Et pour ce qui est des assureurs, là aussi, rassurez-vous : les groupes d'assurance sauront toujours dire qu'ils peuvent couvrir le risque du développement.
M. Claude Huriet. A quel prix !
M. Jean-Marie Girault. C'est la raison pour laquelle je voterai le texte que nous propose la commission. Si par malheur il était rejeté, je voterais, bien entendu, le texte du Gouvernement.
M. Pierre Fauchon, rapporteur. Je demande la parole.
M. le président. La parole est à M. le rapporteur.
M. Pierre Fauchon, rapporteur. Je ne répondrai pas dans l'immédiat aux observations de mon collègue Claude Huriet, qui portent sur la question des médicaments. Ce sujet aura davantage sa place lorsque nous aborderons l'examen de l'amendement du Gouvernement, si toutefois nous sommes conduits à en parler. A cet égard, je dois, bien sûr, être extrêmement prudent dans mes prévisions ! (Sourires.) Ainsi que M. Jean-Marie Girault l'a fort bien dit en une formule à la remarquable concision, il n'est pas besoin de s'inquiéter : les assureurs trouveront toujours le moyen d'assurer.

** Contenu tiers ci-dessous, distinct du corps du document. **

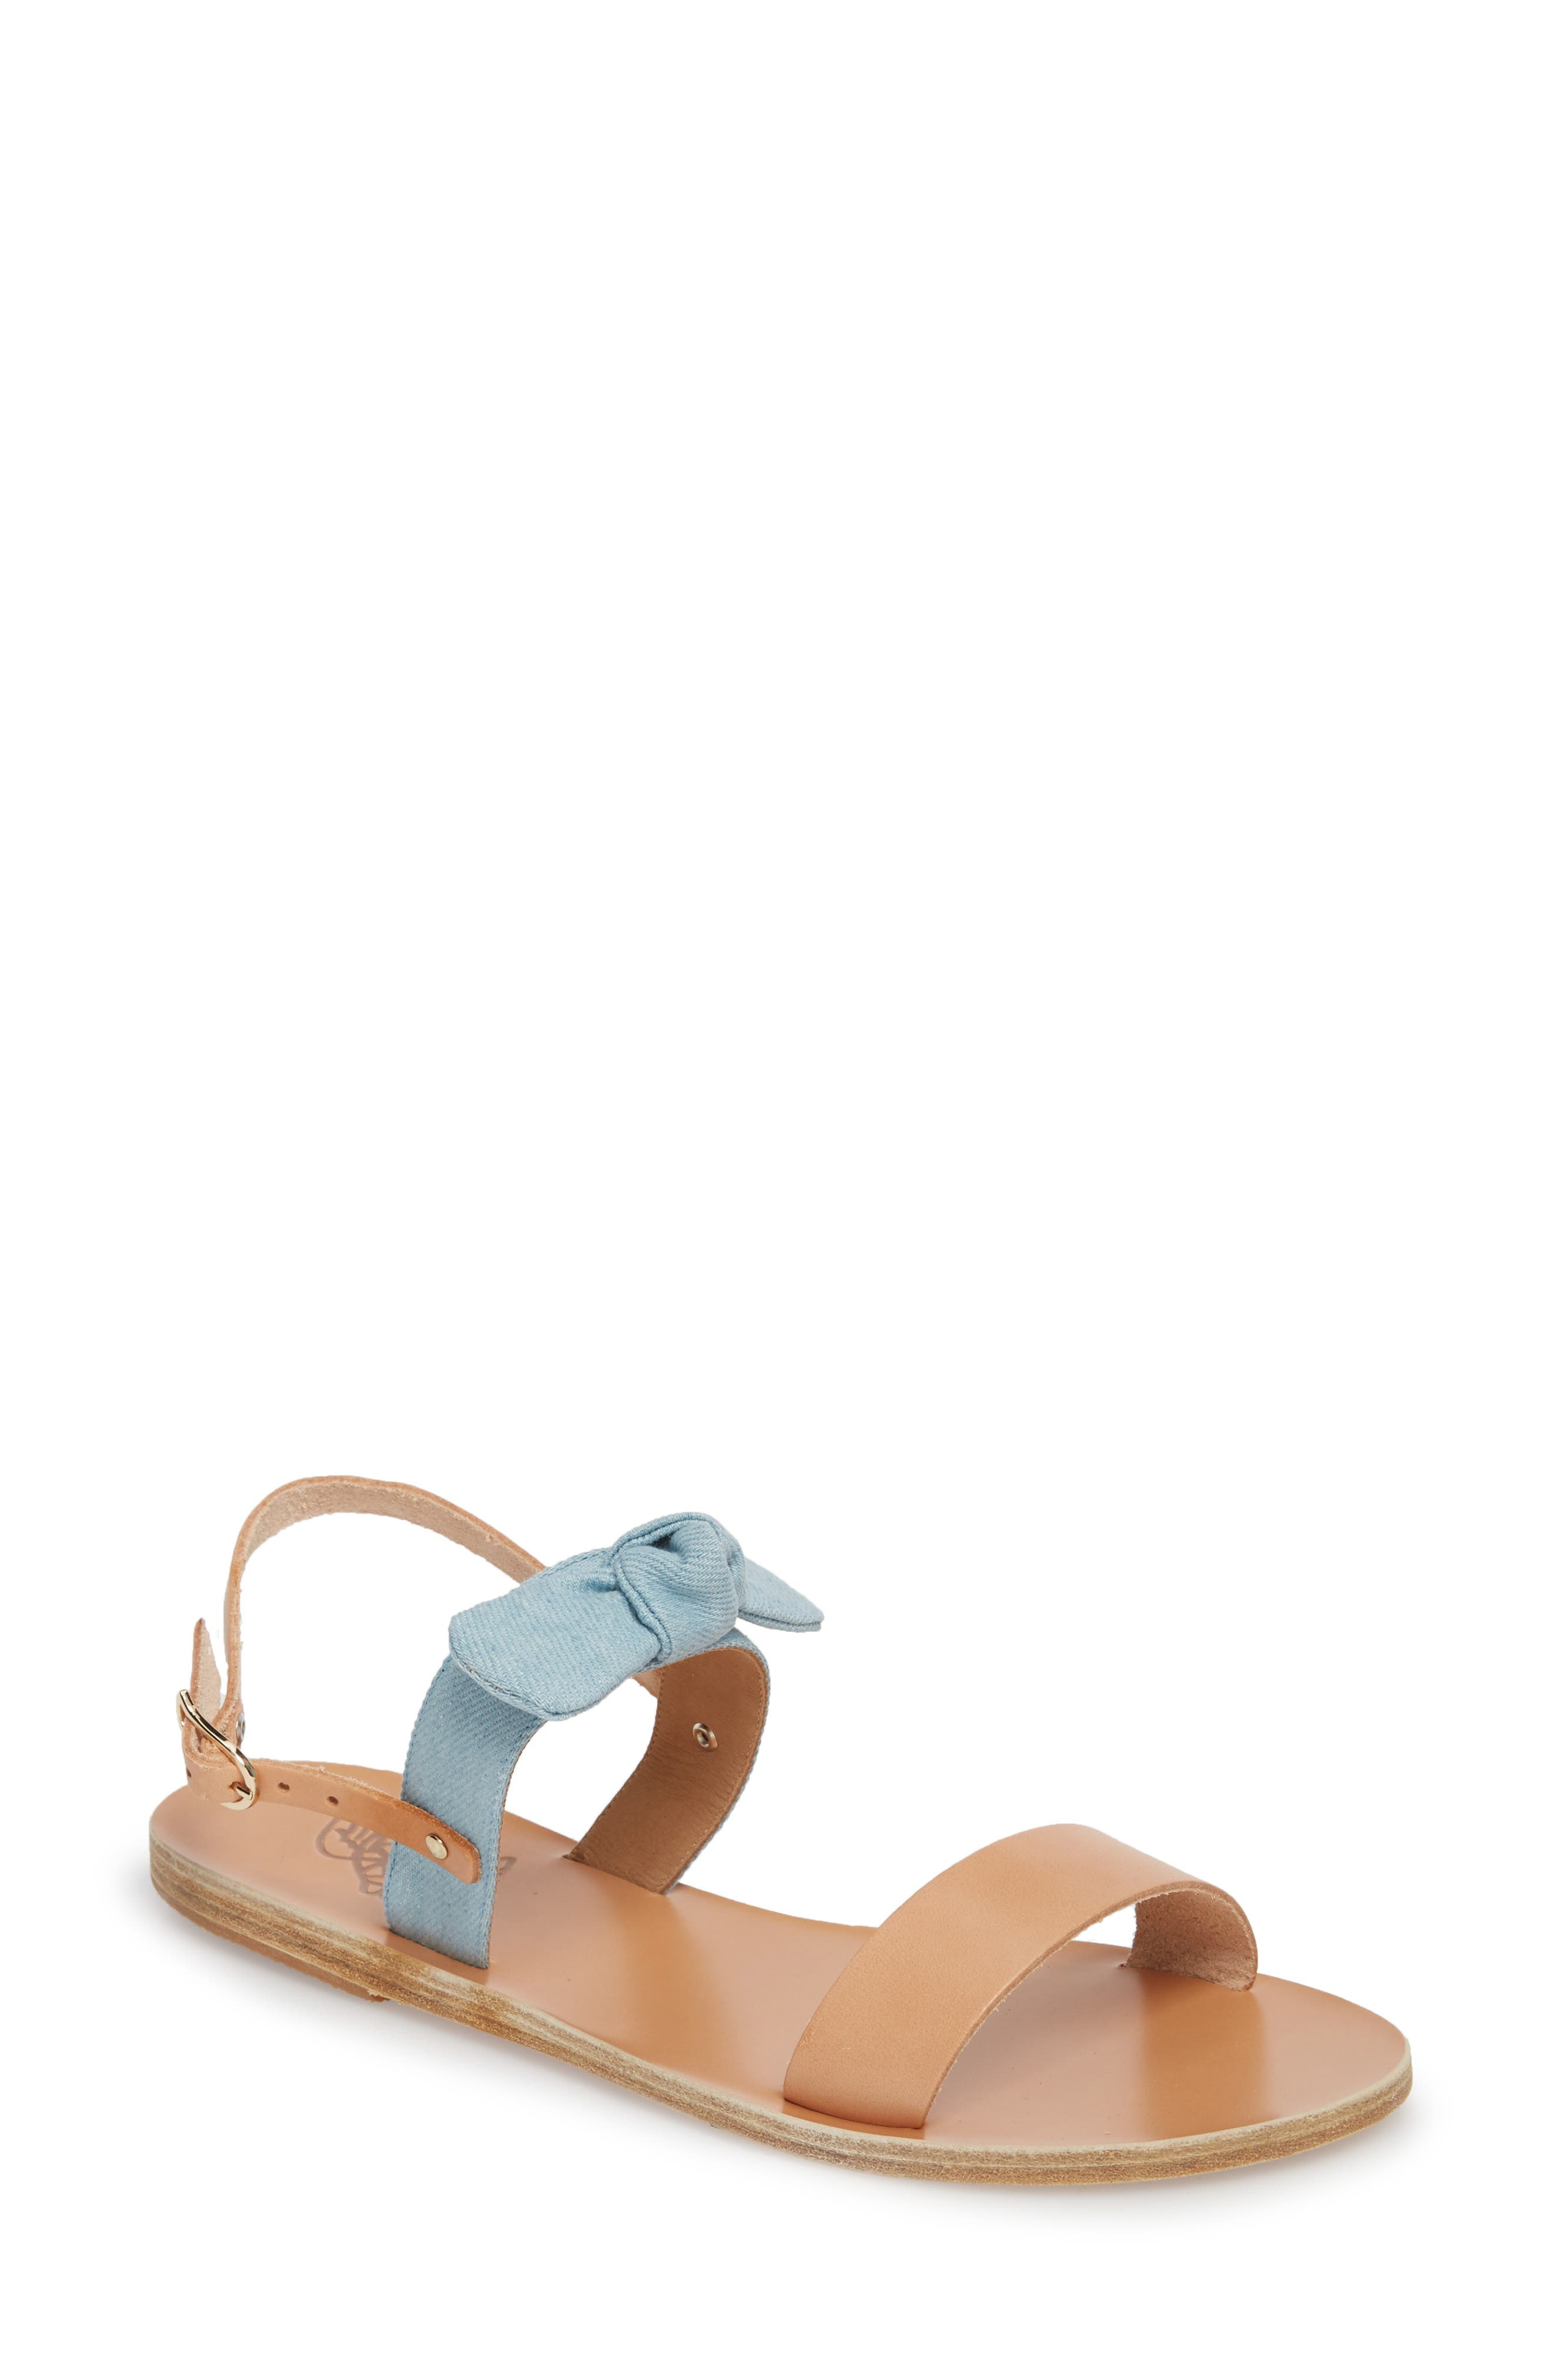 Clio Bow Sandal,                             Main thumbnail 1, color,
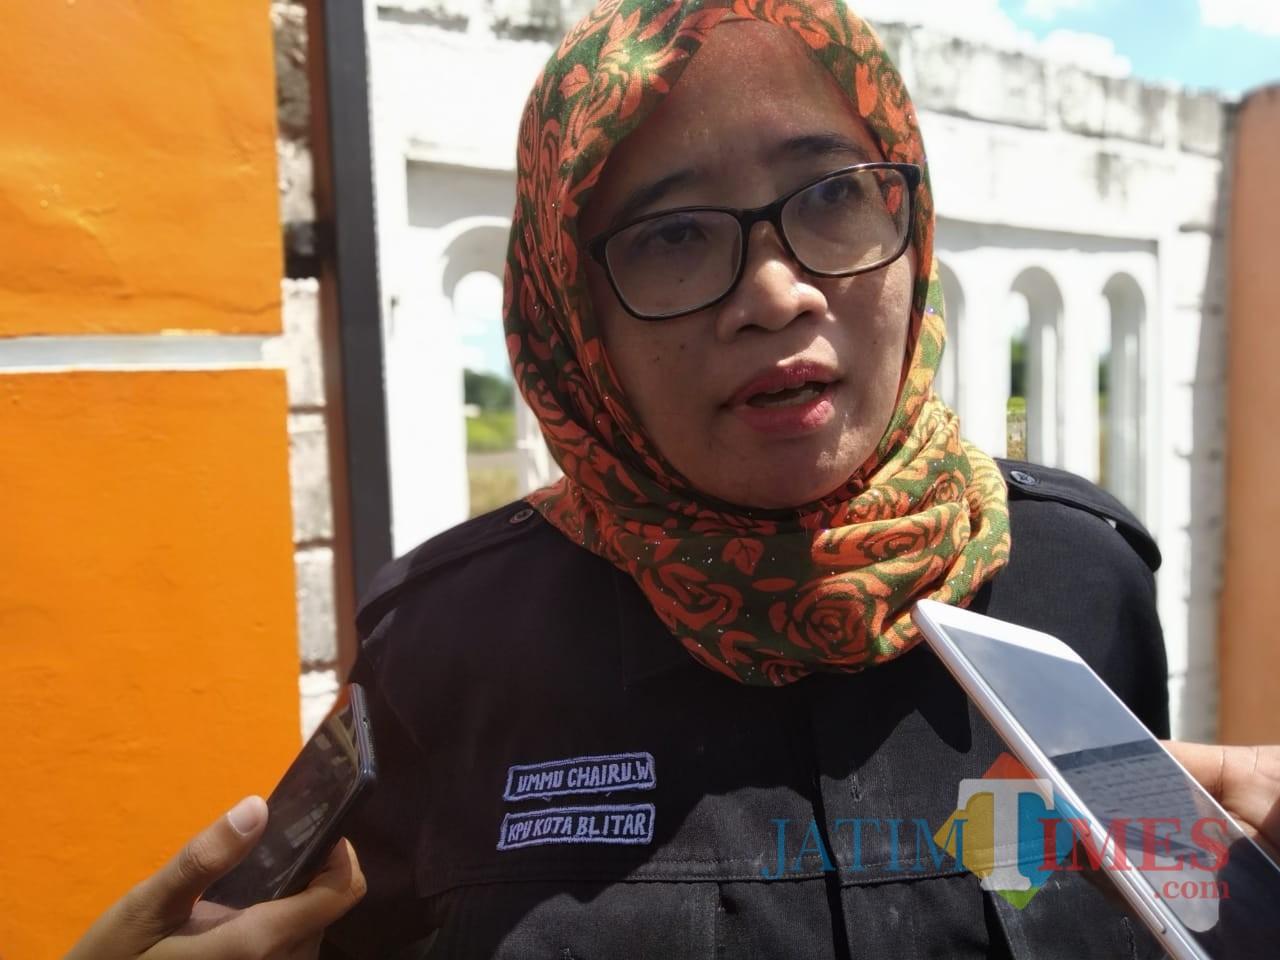 Komisioner Divisi Partisipasi Masyarakat KPU Kota Blitar, Ummu Chairu Wardhani

M. Claude Huriet. A quel prix !
M. Pierre Fauchon, rapporteur. Monsieur Marini, vous avez cité un long texte. J'ai l'habitude de ce genre de citation et, chaque fois, je demande qu'on me procure une police où ce cas soit expressément exclu. Une police énumère des cas de non-assurance : il y en a même de plus en plus dans les contrats ! Il n'est tout de même pas difficile d'ajouter un énième cas, où il serait précisé que le contrat ne couvre pas la responsabilité civile dans les cas de risque de développement.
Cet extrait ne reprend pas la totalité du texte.